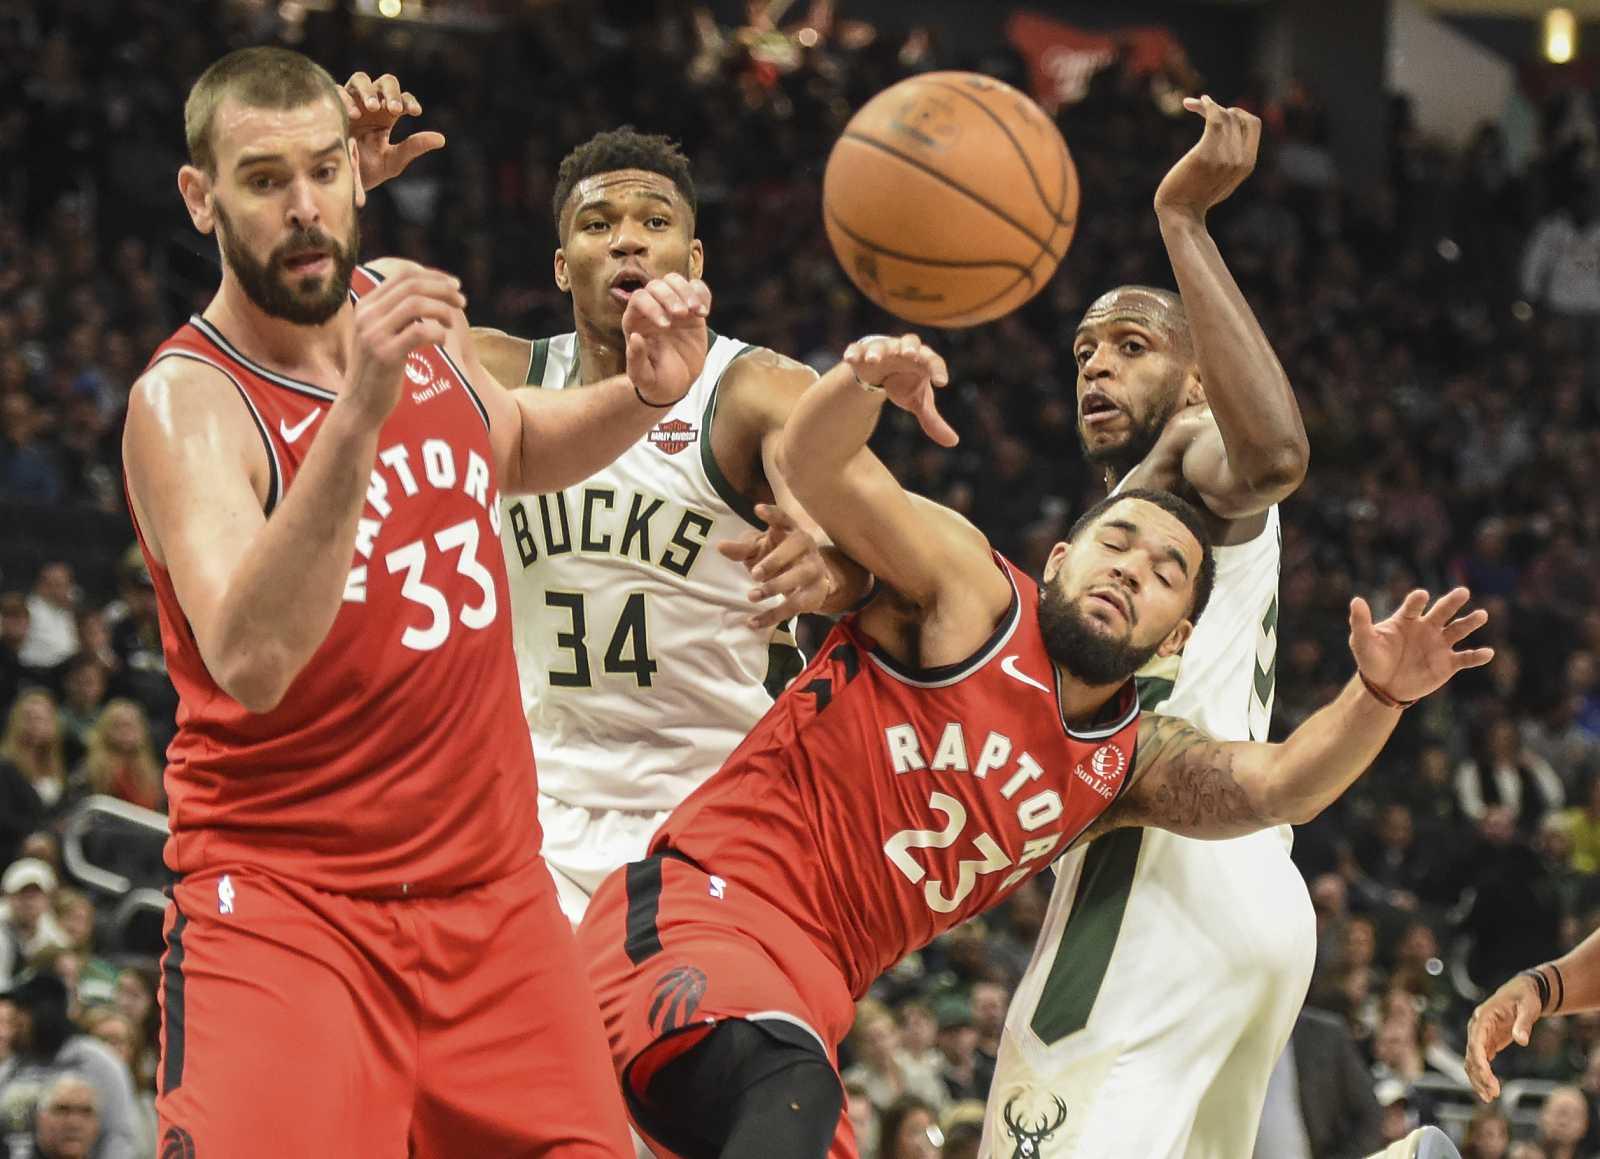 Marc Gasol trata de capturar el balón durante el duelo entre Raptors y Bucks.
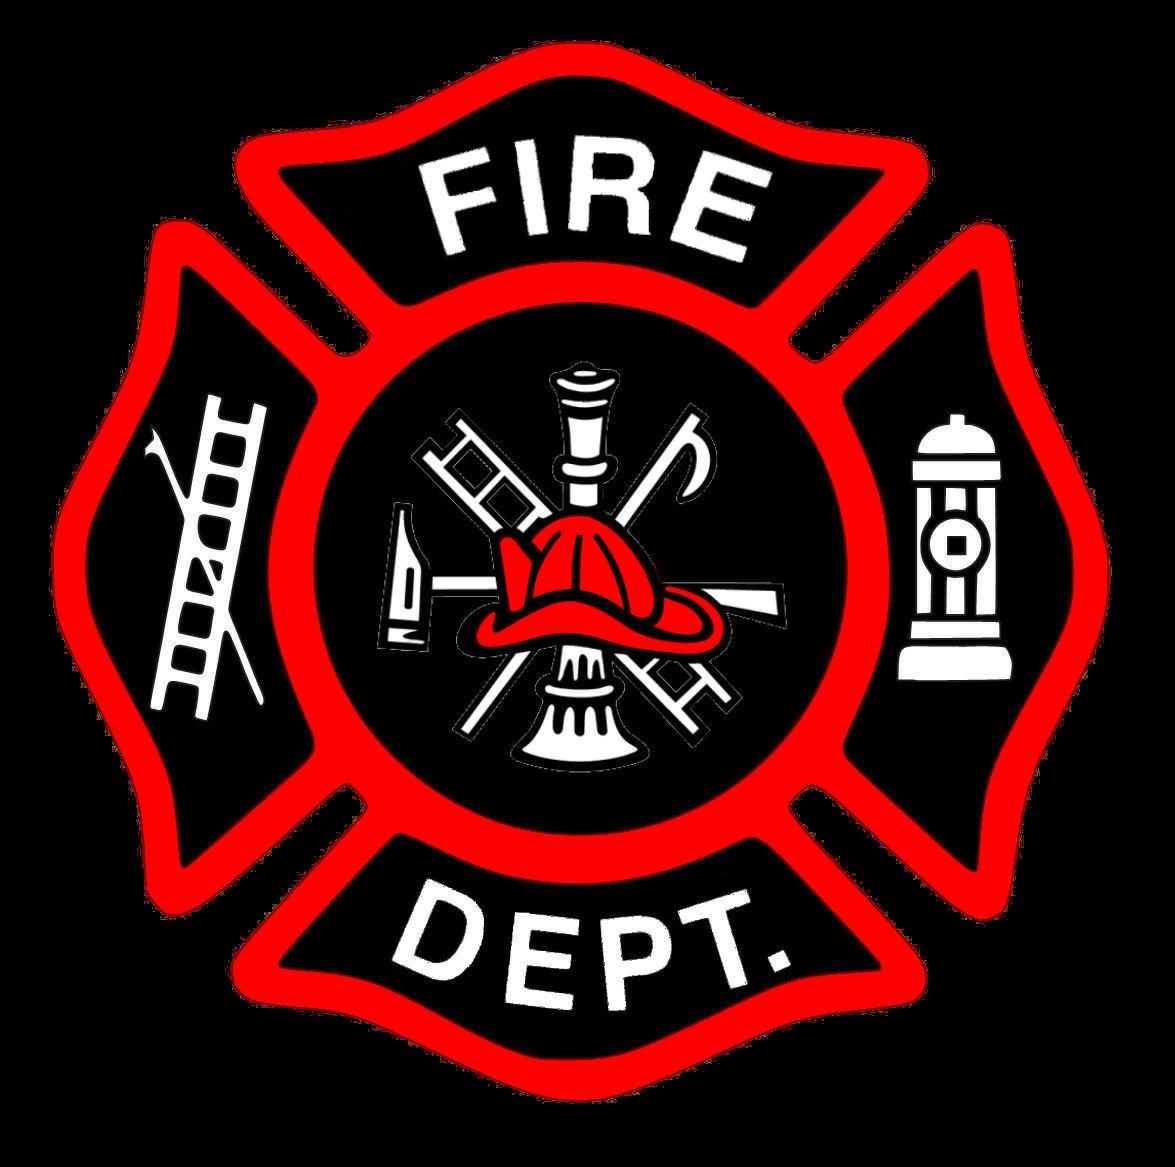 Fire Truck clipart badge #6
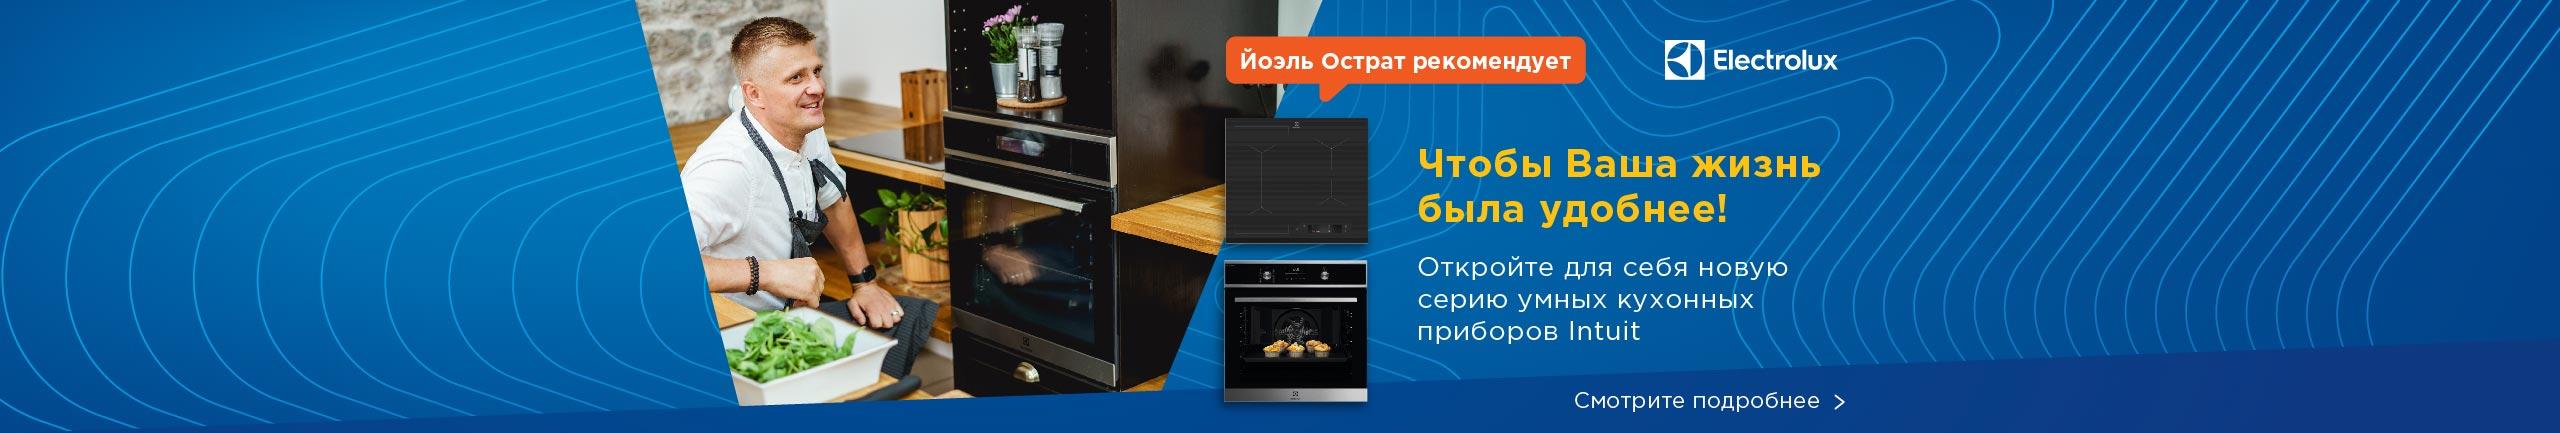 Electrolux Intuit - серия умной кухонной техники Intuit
=-=-=-=-=
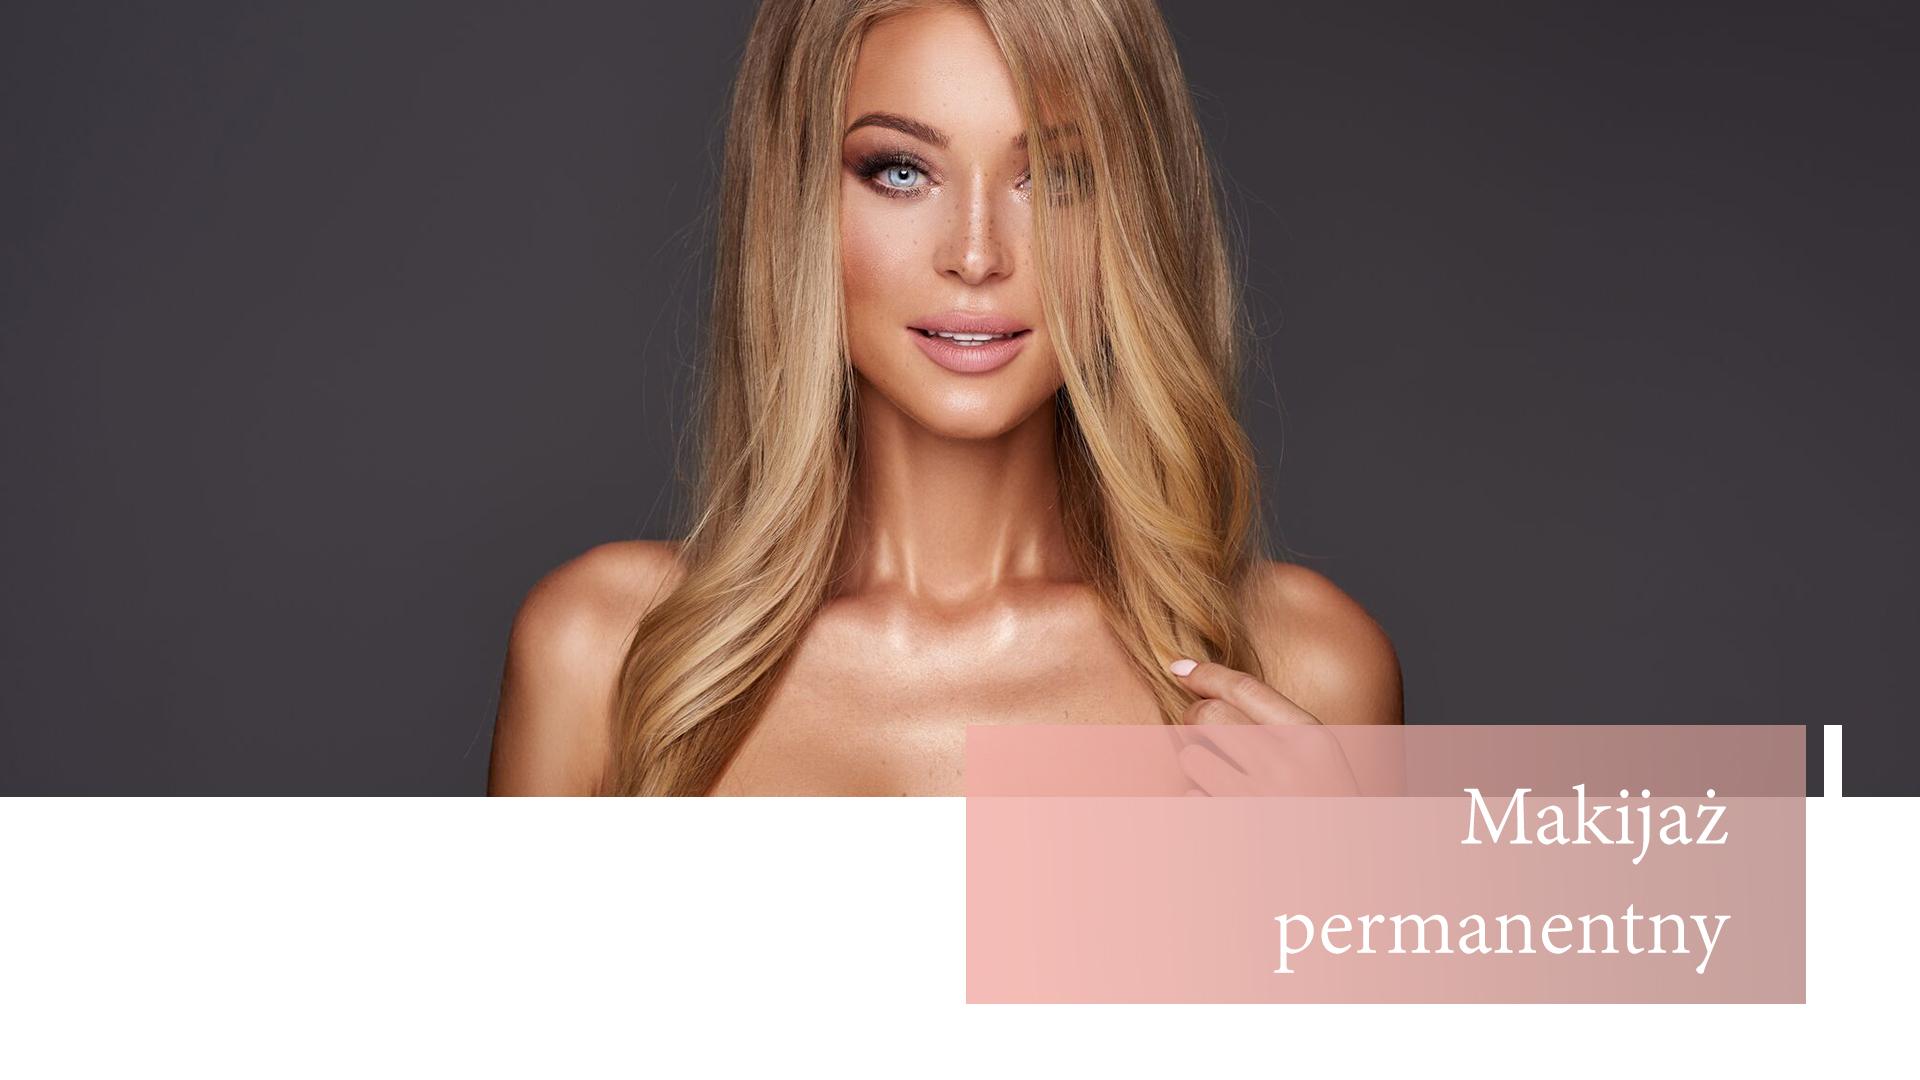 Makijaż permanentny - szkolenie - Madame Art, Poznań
=-=-=-=-=
## [WHAT IS BEING ASKED]
Your answer should consist of the lines above between those holding "Fire Truck clipart badge #6" and "Electrolux Intuit - серия", inclusive, reproduced word for word and without pictures.

## [THE ANSWER]
 Fire Truck clipart badge #6
 Electrolux Intuit - серия умной кухонной техники Intuit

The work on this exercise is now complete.